Robert Keßler is a tireless sound researcher who is not content with searching, but only accepts what he has found. He tweaks every note until it is one hundred percent right. Nothing is further from his mind than reinventing the jazz guitar, and yet “Bloodlines” is a highly original statement. Anyone who has never met Robert Keßler, read anything about him or knows anything else about him, will be able to get very close to a human being in these seven songs. He reveals a lot about his children, his neighbourhood, his world view. “Bloodline” is the honest self-portrait of an artist personality who has recognised his priorities and knows how to realise them with all the consequences. The melodies on “Bloodline” may not yet leave a patina on the auditory membrane on the first pass, as is perhaps the case with a Pat Metheny, but it is precisely their passionate casualness that instils a sense of familiarity in no time at all. The guitarist offers us a gentle dialogue in which the listeners are just as involved as the musicians involved. The atmosphere of these songs settles on the mood and sensual perception like the promising smell of roasting in an inn where one is invited to dinner.
The seven songs on “Bloodline” were not written specifically for the album, but neither are they a “best of drawer” of the last ten years. They were written on a sheet of music by Keßler’s life and were created with life. He had no choice. Formulating another album was not an option, because this and only this is the story he can tell at this moment. But the next chapter is already waiting.
Besides all these personal stories, “Bloodline” is also a tribute to Keßler’s instrument. He pays homage to every single note in the same way he does to the people around him. There is nothing random, unintentional or banal, no hierarchies or categorisations. Musicians like Barney Kessel, Jim Hall or Pat Metheny look over his shoulder as he plays, smirk and gently sway along with the grooves of the Berliner. “Bloodline” is a flawless jazz album that does not break with conventions, but leads to very unconventional narrative threads within the jazz vocabulary.

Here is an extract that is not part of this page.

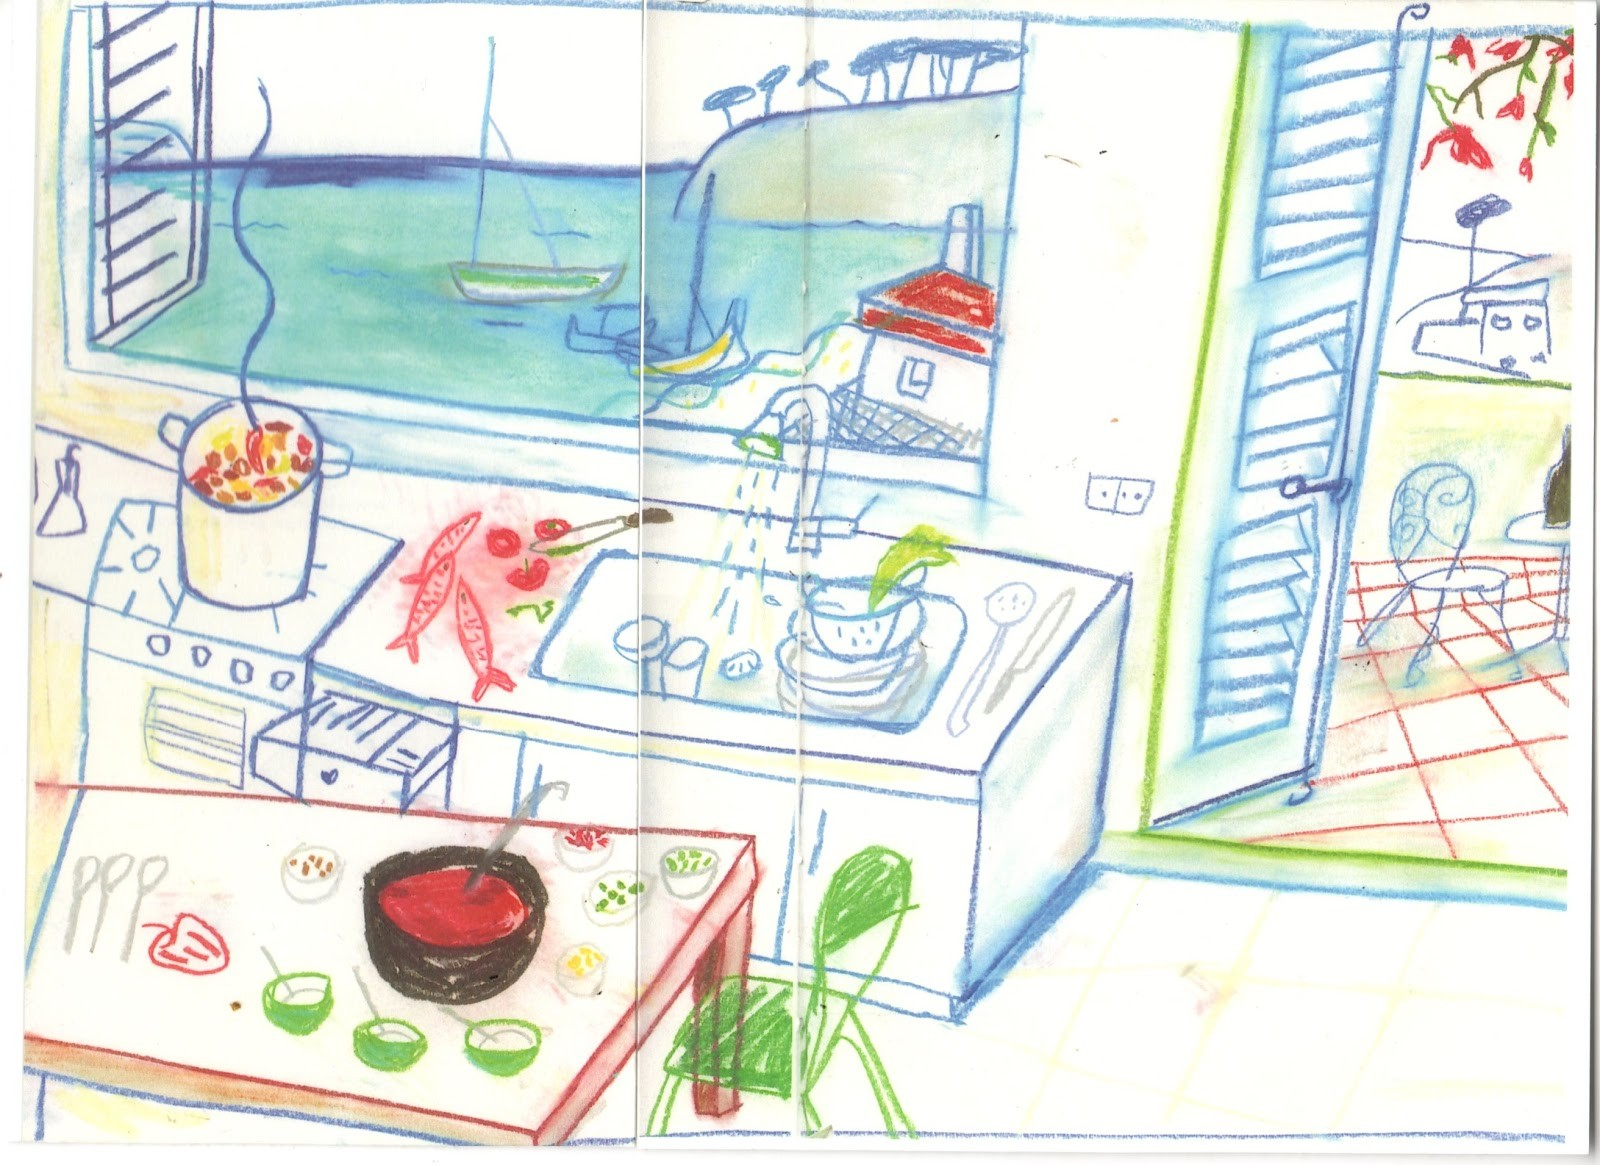 1080 Recipes by Simone and Ines Ortega 2

On “Bloodline”, Keßler is supported by two musicians with whom he has a lot of personal ties. Keßler has been friends with drummer Tobias Backhaus since he was a student. Every time he stands on stage with the drummer, he is impressed anew by what Backhaus discovers in the music and then makes out of it. For the guitarist, Andreas Henze is the Berlin bassist with the most beautiful solo tone. Where you switch off with other bassists, you especially enjoy listening to him, Keßler jubilates. Even with his two accompanists, who are rather co-conspirators than sidemen in the usual sense, it is the special combination of human empathy and musical brilliance that recommends them for playing together with Robert Keßler.
For many reasons, “Bloodline” is the ideal sluice through which to find peace for the end of the day after a long day at work, the pilot ship that takes us over the shoals of everyday life, the magic formula that postulates the I in the we and the we in the I. For Keßler himself, the CD is an oasis in the madness of daily temptations and a piece of refuge. Last but not least, “Bloodline” is an enchanting story that, in the best moments, seems to listen to us more than it tells us.